The WS2500 is a 20-ton 10x8 or 10x10 special heavy duty truck used by the People's Liberation Army of the People's Republic of China. It is one of the principal mobility platforms in mounting China's medium-range ballistic missiles and other conventional missile assets.

It is a general purpose heavy duty truck/transported developed from the original WS2400 and is built by Wanshan Special Vehicle.

Description

As a more developed variant of the WS2400, the WS2500 was introduced in 2000  and is capable of mounting more advance and sophisticated MRBMs such as the DF-16s, rather than the much older DF-11 SRBM system.
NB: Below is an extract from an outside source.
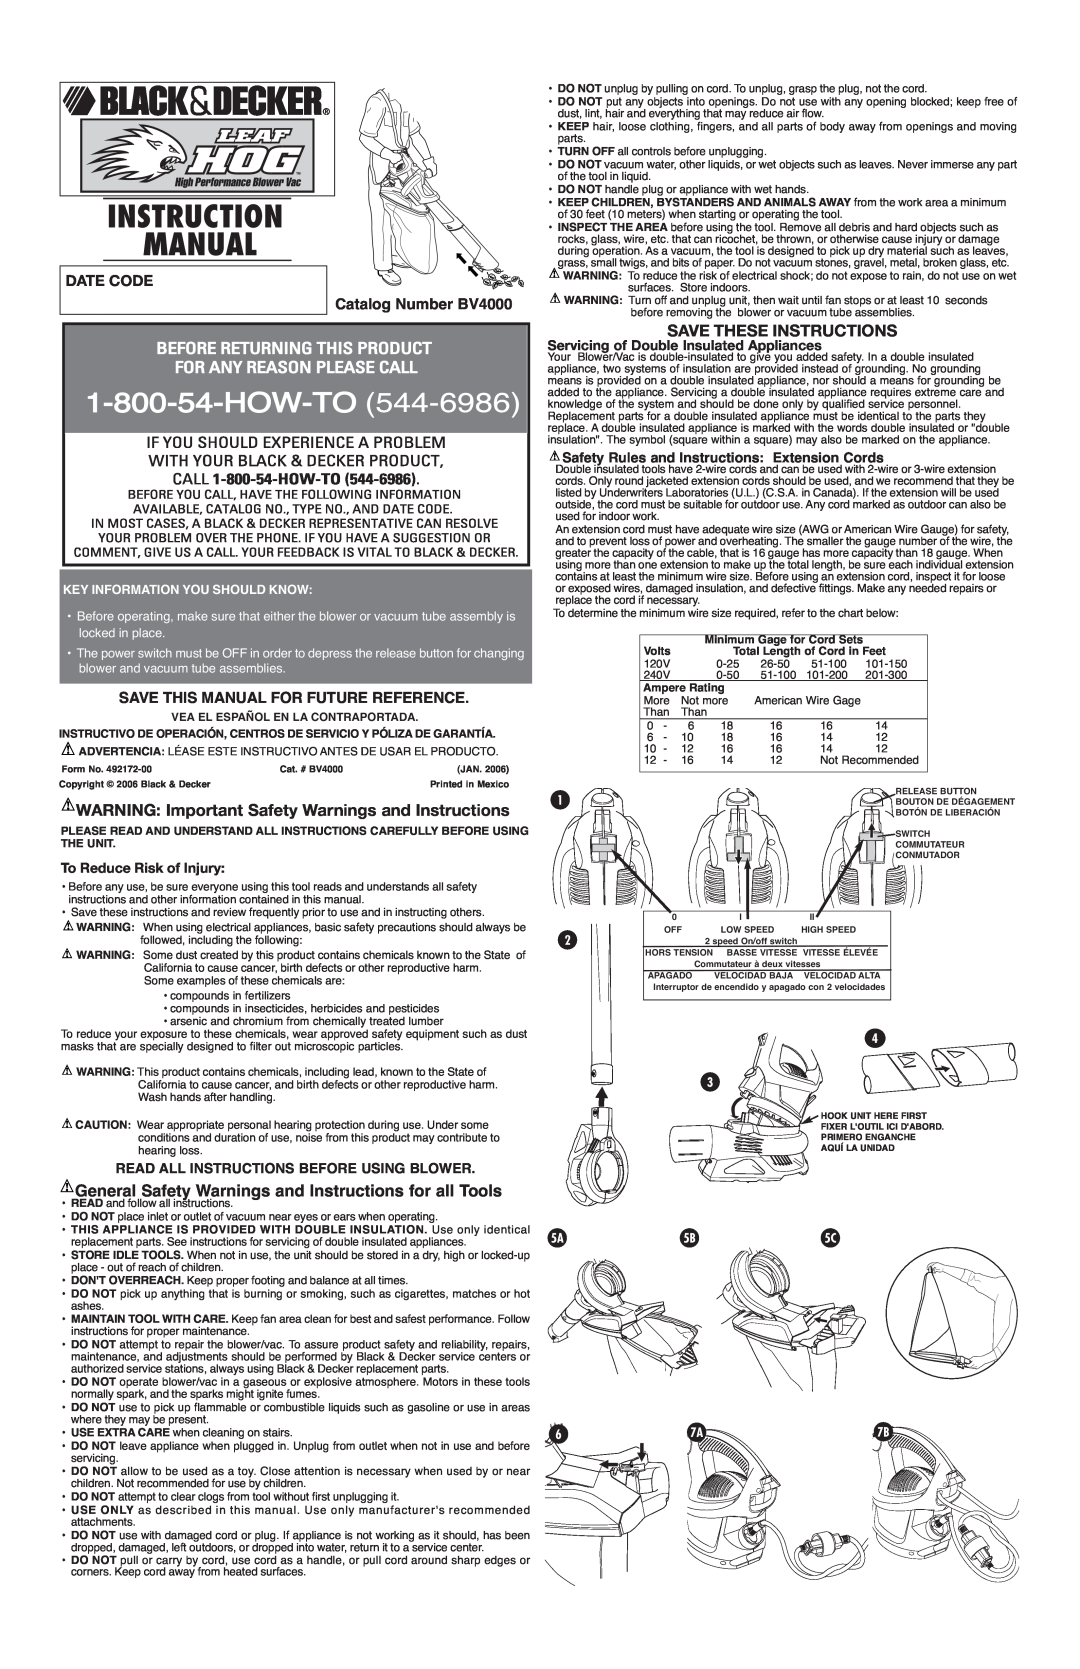 Black & Decker 492172-00 instruction manual WARNING Important Safety Warnings and Instructions, Save These Instructions

Due to the much larger missile payload - 1,000–1,500 kg more than previous models - the WS2500 is generally much larger and heavier than the older WS2400, in order to better accommodate a stable platform for the DF-16.

On the 70th anniversary of the People's Republic of China, a heavily modified variant of the WS2500 was seen carrying the DF-17 ballistic missile, armed with the DF-ZF Hypersonic Glide Vehicle.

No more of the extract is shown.